The fog is clearing, there is that spring sunshine and the lizard is coming out, warming itself on the rock, and all the little things of the earth are busy. They have their order, they have their pleasure, amusement. They all seem to be so happy, enjoying the sunshine, no man near to hurt them, to spoil their day.
`If one may ask,' the visitor began, `what to you is the most important thing in life? What to you is the most essential quality that man must cultivate?'
`If you cultivate, as you cultivate the fields of the earth, then it is not the most essential thing. It must happen naturally - whatever happens - naturally, easily, without any self-centred motives. The most important thing for each human being, surely, is to live in order, in harmony with all the things around him - even with the noise of the great towns, even with something that is ugly, vulgar, without letting it affect or alter the course of his life, alter or distort the order in which he is living. Surely, sir, order is the most important thing in life, or, rather, one of the most important.'
`Why,' he asks, `should order be a quality of a brain that can act correctly, happily, precisely?'
`Order isn't created by thought. Order isn't something that you follow day after day, practise, conform to. As the streams join the sea, so the stream of order, the river of order, is endless. But that order cannot be if there is any kind of effort, any kind of struggle to achieve, or to put aside disorder and slip into a routine, into various well defined habits. All that is not order. Conflict is the very source of disorder, is the very cause.'
`Everything struggles, doesn't it? Those trees, they have struggled to exist, struggled to grow. The marvellous oak there behind this house, it has withstood storms, years of rain and hot sunshine, it has struggled to exist. Life is conflict, it is a turmoil, a storm. And you are saying, are you not, that order is a state in which there is no conflict? It seems almost impossible, like talking in a strange language, something utterly foreign to one's own life, one's own way of thinking. Do you, if I am not impudent, live in order in which there is no conflict whatsoever?'
Is it very important, sir, to find out if another is living without effort, without conflict? Or would you rather ask if you, as a human being, who live in disorder, can find out for yourself the many causes - or perhaps there is only one cause - of this disorder? Those flowers know neither order nor disorder, they just exist. Of course, if they were not watered, looked after, they would die, and dying also is their order. The bright, hot sun will destroy them next month, and to them that is order.'
The lizard has warmed itself on the rock and is waiting for the flies to come. And surely they will come. And the lizard with its quick tongue will swallow them. It seems to be the nature of the world: the big things live on little things, and the bigger live on the big. This is the cycle in the world of nature. And in that there is neither order nor disorder. But we know for ourselves from time to time the sense of total harmony and also the pain, the anxiety, the sorrow, the conflict. The cause of disorder is the everlasting becoming - to become, to seek identity, the struggle to be. As long as the brain, which is so heavily conditioned, is measuring, `the more', `the better', moving psychologically from this to that, it must inevitably bring about a sense of conflict, and this is disorder. Not only the words `more', 'better', but the feeling, the reaction of achieving, gaining - as long as there is this division, duality, there must be conflict. And out of conflict is disorder.

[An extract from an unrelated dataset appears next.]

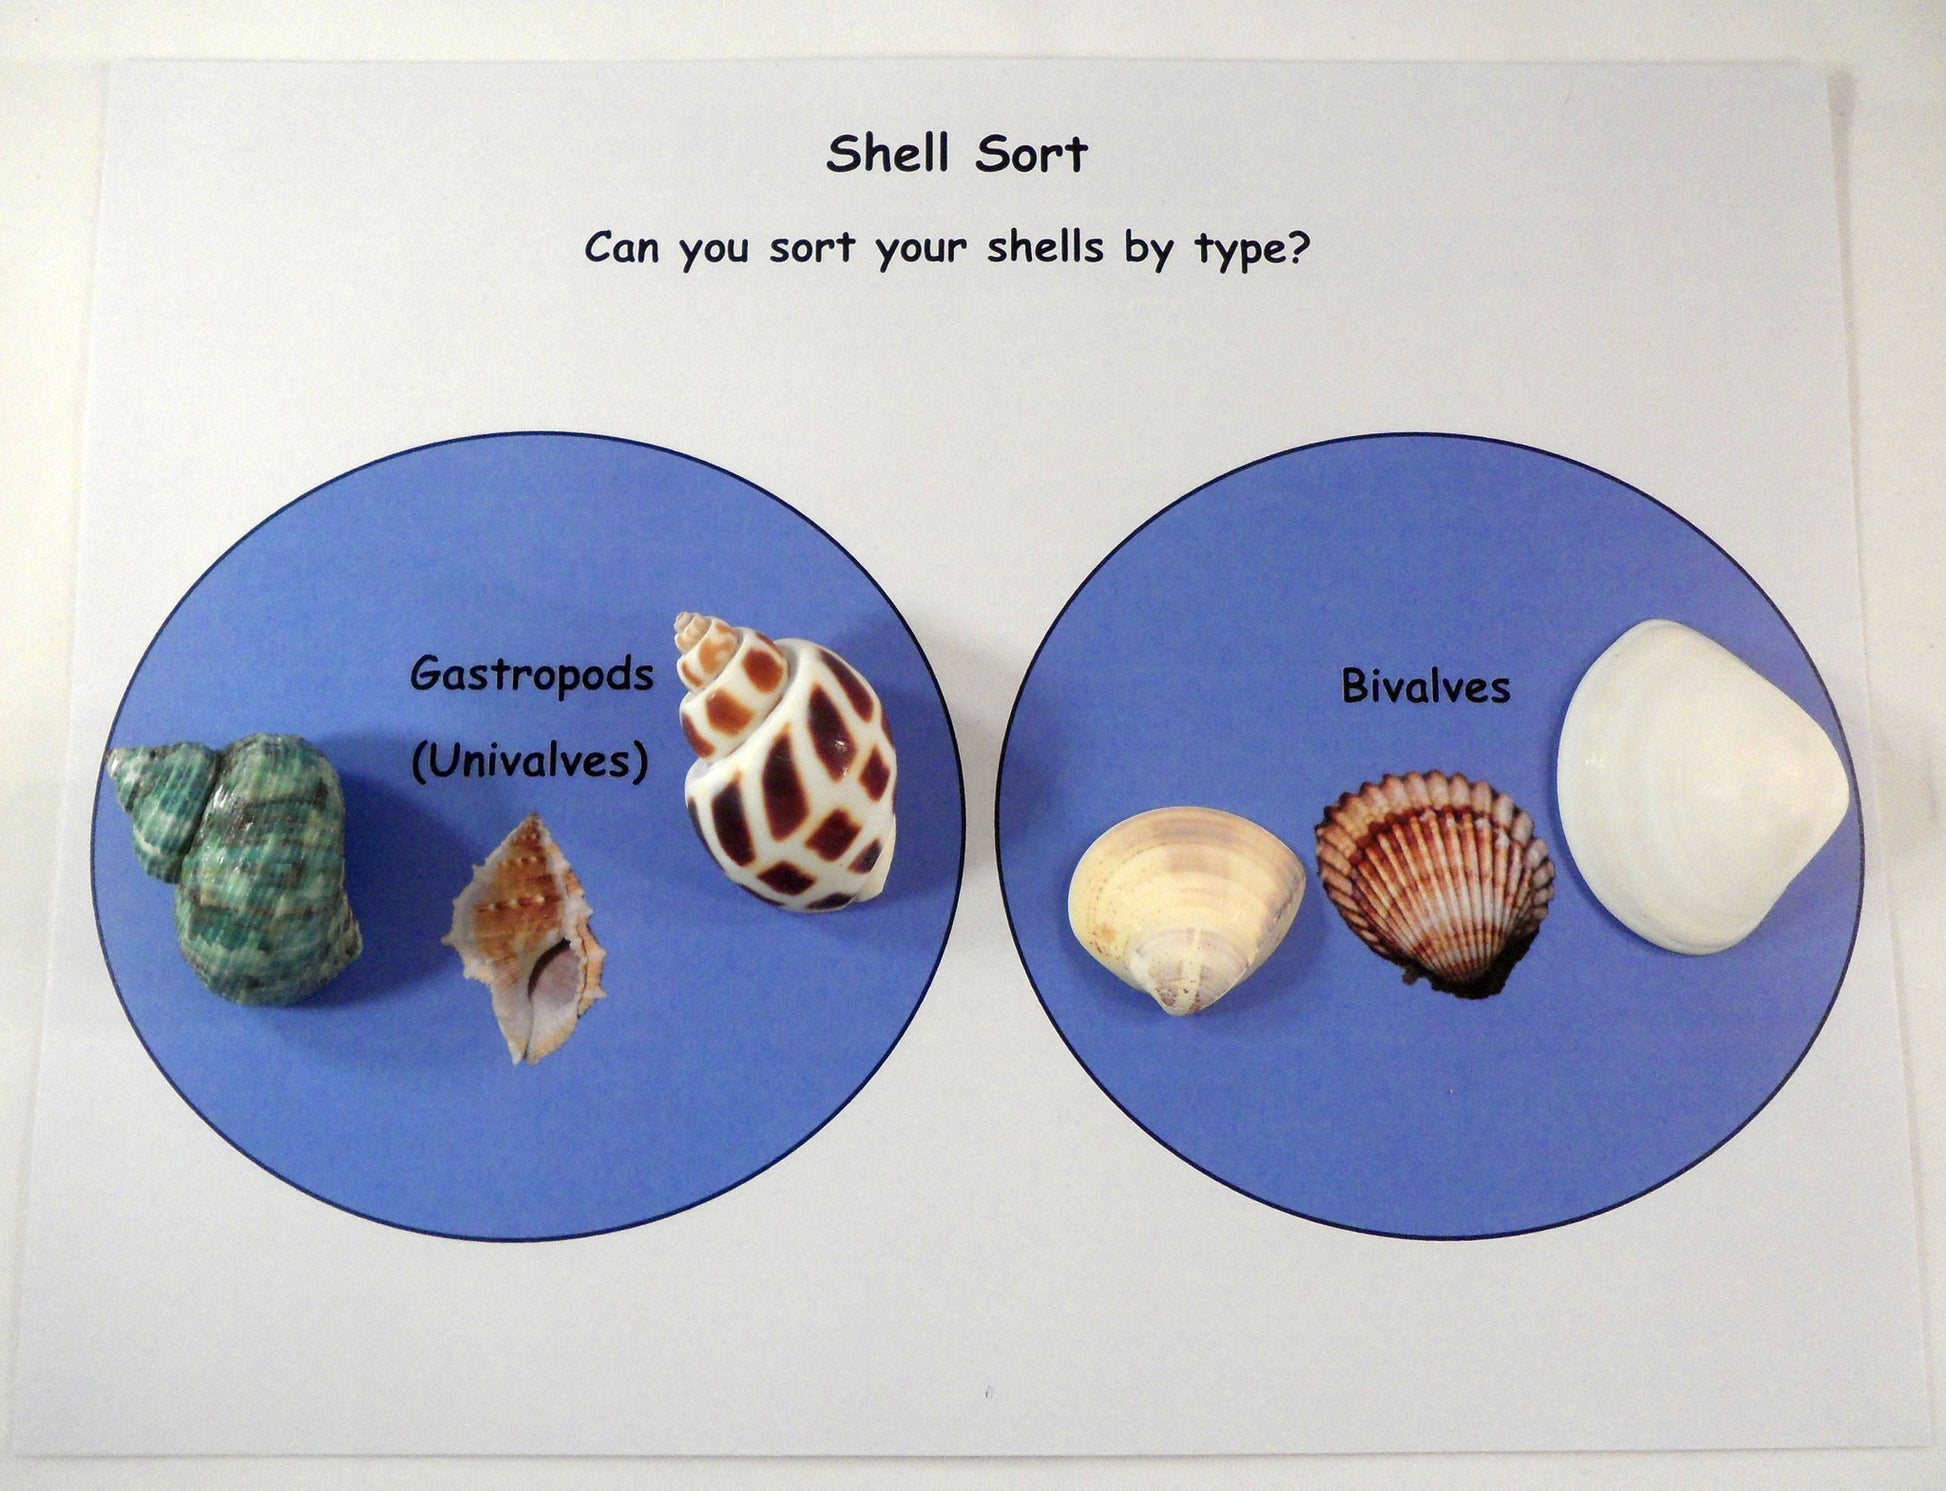 Comparing shells - A House for Hermit Crab - Ivy Kids subscription box activities.

Perhaps one is aware of all this, but being negligent of this awareness, one carries on in the same way day after day all the days of one's life. This duality is not only verbal but has the deeper division as the thinker and the thought, as the thinker separate from himself. The thinker is put together by thought, the thinker is the past, the thinker is knowledge, and thought too is born out of knowledge. Actually there is no division between the thinker and the thought, they are one inseparable unit; but thought plays a clever trick upon itself, it divides itself. Perhaps this constant division of itself, its own fragmentation, is the cause of disorder. Just to see, to realize, the truth of this, that the perceiver is the perceived, ends disorder.

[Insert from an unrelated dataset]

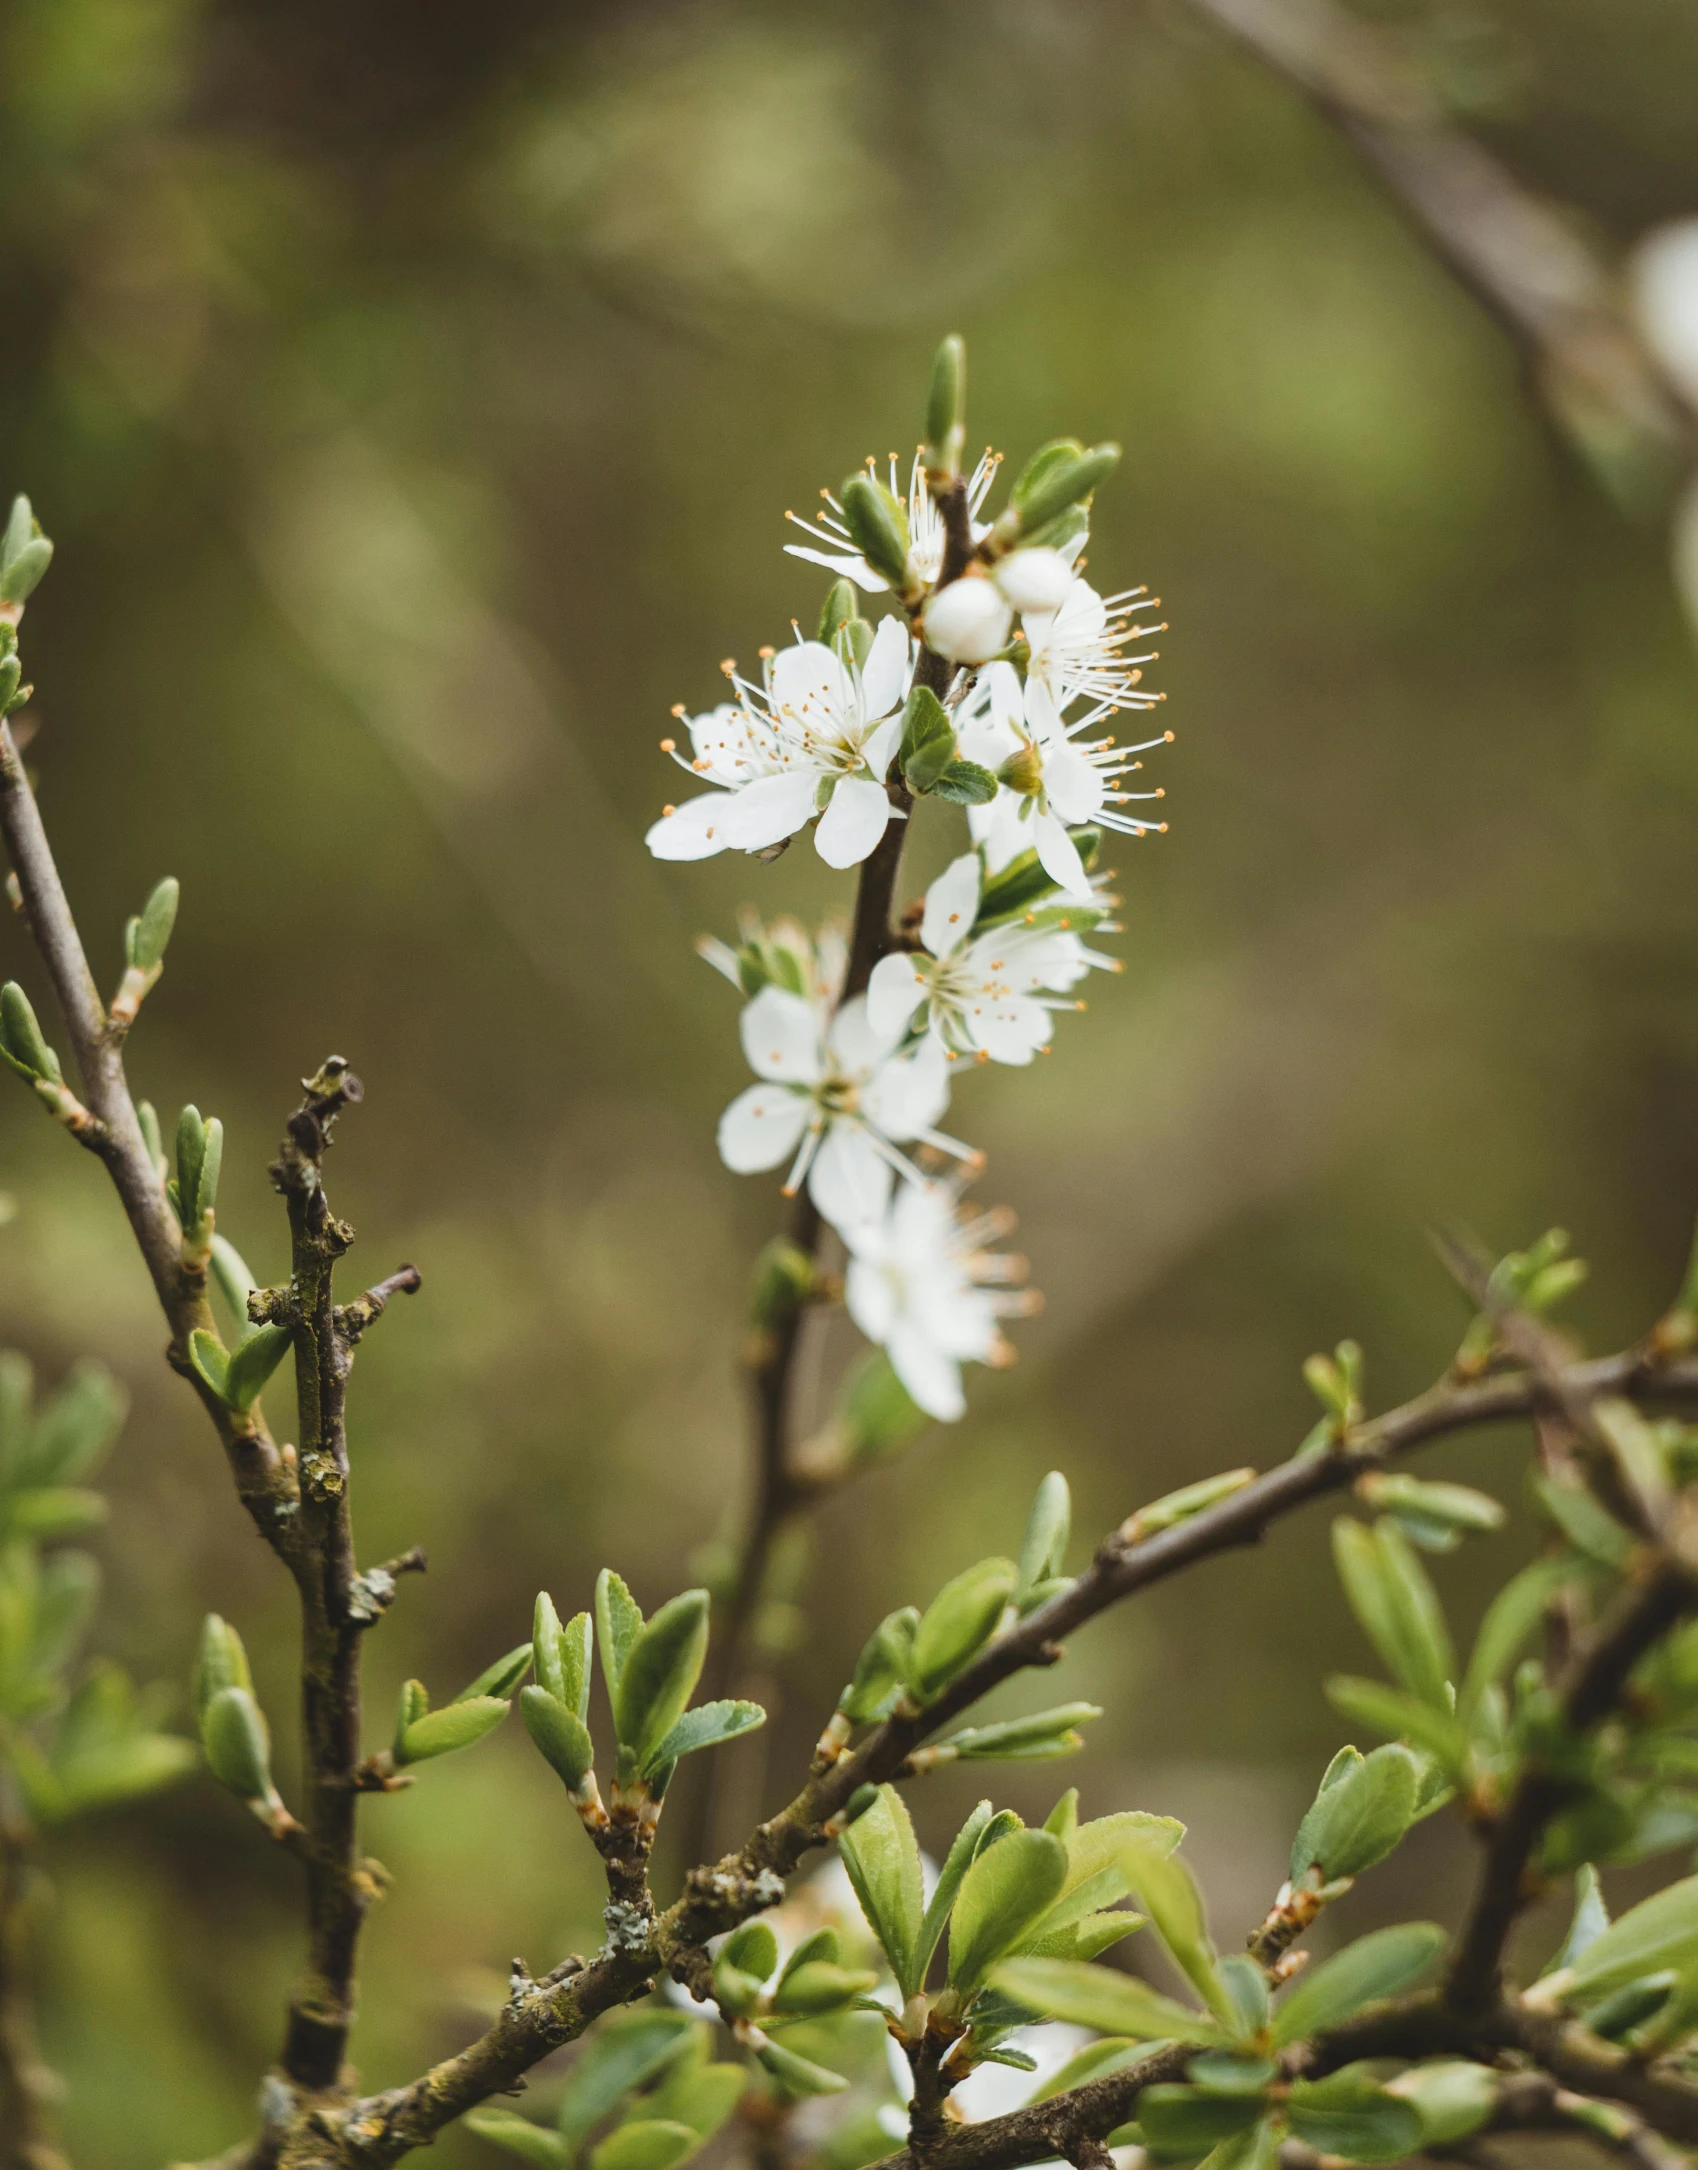 a close up of a flower on a tree, woodland location, fruit trees, green and white, carefully crafted

The mocking bird has gone and the mourning dove is there with its plaintive cry. And soon its mate joins it. They sit together on that wire, silent, motionless, but their eyes are moving, looking, watching for danger. The red-tailed hawk and the predatory birds who were there an hour or two ago have gone. Perhaps they will come back tomorrow. And so the morning ends and the sun now is bright and there are a thousand shadows. The earth is quiet and man is lost and confused.